What Makes an Organic Latex Mattress Organic?
The "Organic Bed"
In the mattress industry, organic certification and regulation are relatively new concepts. During the last ten years, organic certification standards have slowly expanded from fruits and vegetables to packaged foods to textiles and now are branching further out into other consumer markets. Enter the "organic bed". With any new concept comes the chances for misuse, misapplication, and misunderstanding, which is one of the reasons we felt the need to clarify organic latex mattresses in our latex mattress reviews. Let's have a look at the ways the term "organic" is applied and misapplied in the Latex mattress world.
There are two major certification bodies for organic producers. One is the U.S. Department of Agriculture, or USDA, and their certification is used largely in American markets.

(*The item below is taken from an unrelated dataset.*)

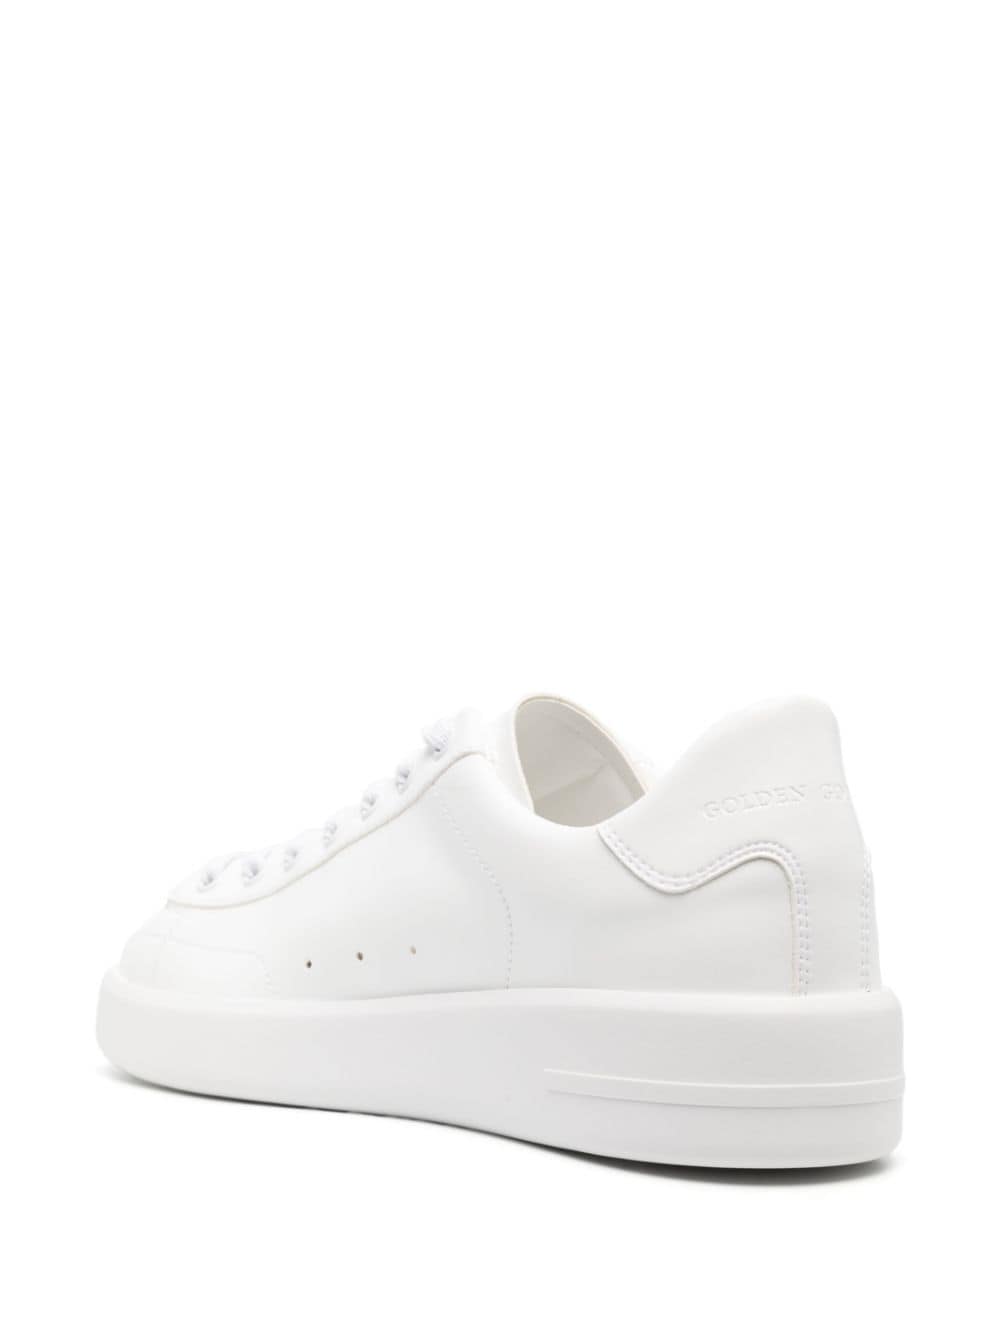 GOLDEN GOOSE PURE STAR LEATHER Sneaker

The other is the Global Organic Textile Standards, or GOTS certification. GOTS certifies products and foods at two levels: "organic," which includes at least 70% organic ingredients and materials; or "certified organic," which includes at least 95% "pure" organic ingredients.
GOTS is used mostly in European markets but will occasionally show up in the U.S., though it is not an officially-recognized USDA-approved certification. Only USDA's organic standard is "official" in U.S. markets.
Troubles With Organic Certification
Increasingly, you can find official-looking labels that make the "organic" claim on everything from fertilizers to packaged foods to bedding. Look carefully at what else is on that label. If you don't explicitly see a USDA or GOTS certification, you're dealing with a product that's making a claim based either on the company's opinion or an unofficial third-party association.
Even with solid USDA certification, there are concerns, according to The Washington Post. The USDA allows up to 5% of ingredients to be non-organic, as long as they're approved by the National Organic Standards Board. And in some cases, certain pesticides or other chemicals are allowed in approved processes that are still labeled organic.
In many cases, you'll find reference in the latex industry to natural latex that has been organically grown. "Organically grown" refers to the processes involved in growing the rubber tree plant (Hevea brasiliensis) that produces liquid latex when tapped (just as a Maple tree is tapped for maple syrup without killing the tree).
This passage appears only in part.